Start with a trained world model M that maps from state s_t and action a_t to next state s_{t+1}. Choose a planning horizon H—the number of future steps you want to optimize over. Longer horizons stress-test the planner, making GRASP's innovations critical.

Step 2: Lift the Trajectory into Virtual States

Instead of optimizing actions only, introduce a set of virtual states v_1, v_2, ..., v_H—one for each time step in the horizon. These are learnable parameters that represent the expected state at each step. The key: you optimize both actions and virtual states simultaneously. This lifts the trajectory, allowing gradients to flow in parallel across time, avoiding sequential backpropagation issues.

Step 3: Inject Stochasticity for Exploration

GRASP adds noise directly to the virtual state iterates during optimization. For each gradient update, perturb v_t with Gaussian noise: v_t' = v_t + ε, where ε ~ N(0, σ²). This stochasticity helps the planner escape poor local minima and explore diverse trajectories. Adjust σ based on the difficulty of the terrain.

Step 4: Reshape Gradients to Avoid Brittle State-Input Paths

In traditional planning, gradients flow through the high-dimensional vision encoder of the world model, causing ill-conditioned updates. GRASP circumvents this by reshaping gradients: instead of relying on direct gradients from state to action, it computes a separate surrogate gradient that decouples action updates from the fragile vision model. Implement this by defining two separate loss components: one for actions (via virtual states) and one for the reconstruction consistency. Then combine them with a weighting factor.

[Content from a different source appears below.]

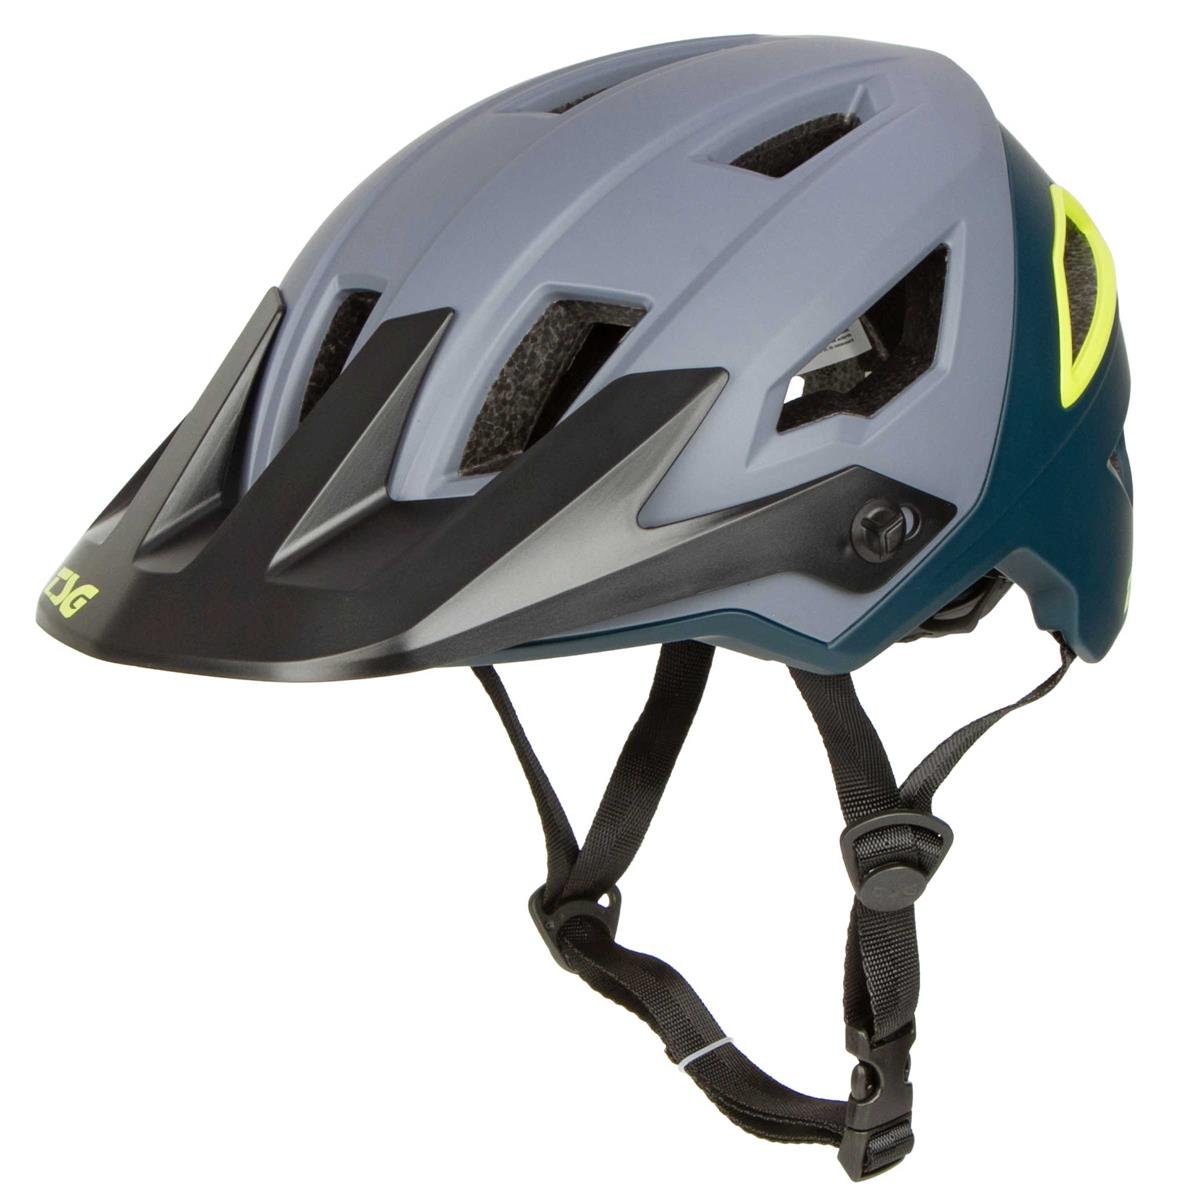 TSG Enduro MTB Helmet Chatter Graphic Design - Satin Gray/Blue

Mastering Long-Horizon Planning: A Step-by-Step Guide to GRASP
Source: bair.berkeley.edu

Step 5: Run the Planning Loop

  1. Initialize random action sequence a_1..a_H and virtual states v_1..v_H
  2. For each optimization iteration:
    • Add stochastic noise to each v_t (Step 3)
    • Compute loss: prediction error between v_{t+1} and world model output from v_t and a_t plus regularizer on actions
    • Update actions and virtual states simultaneously using gradient descent with reshaped gradients (Step 4)
  3. After convergence, extract the optimized action sequence.
  4. Execute the first action in the real environment, observe new state, and repeat (model-predictive control).

Tips for Success

  • Tune the noise level: Start with σ around 0.1 and adapt based on task complexity.
  • Weight the gradient components: The action gradient weight should dominate initially, then anneal.
  • Monitor virtual state consistency: Ensure virtual states remain close to the world model's predictions to avoid drift.
  • Use parallel rollouts: Run multiple trajectory optimizations in parallel (e.g., on GPU) to increase robustness.
  • Verify on short horizons first: Test your implementation on horizon 10 before moving to 100+.

GRASP shines when combined with thoughtful hyperparameter choices—experiment and iterate.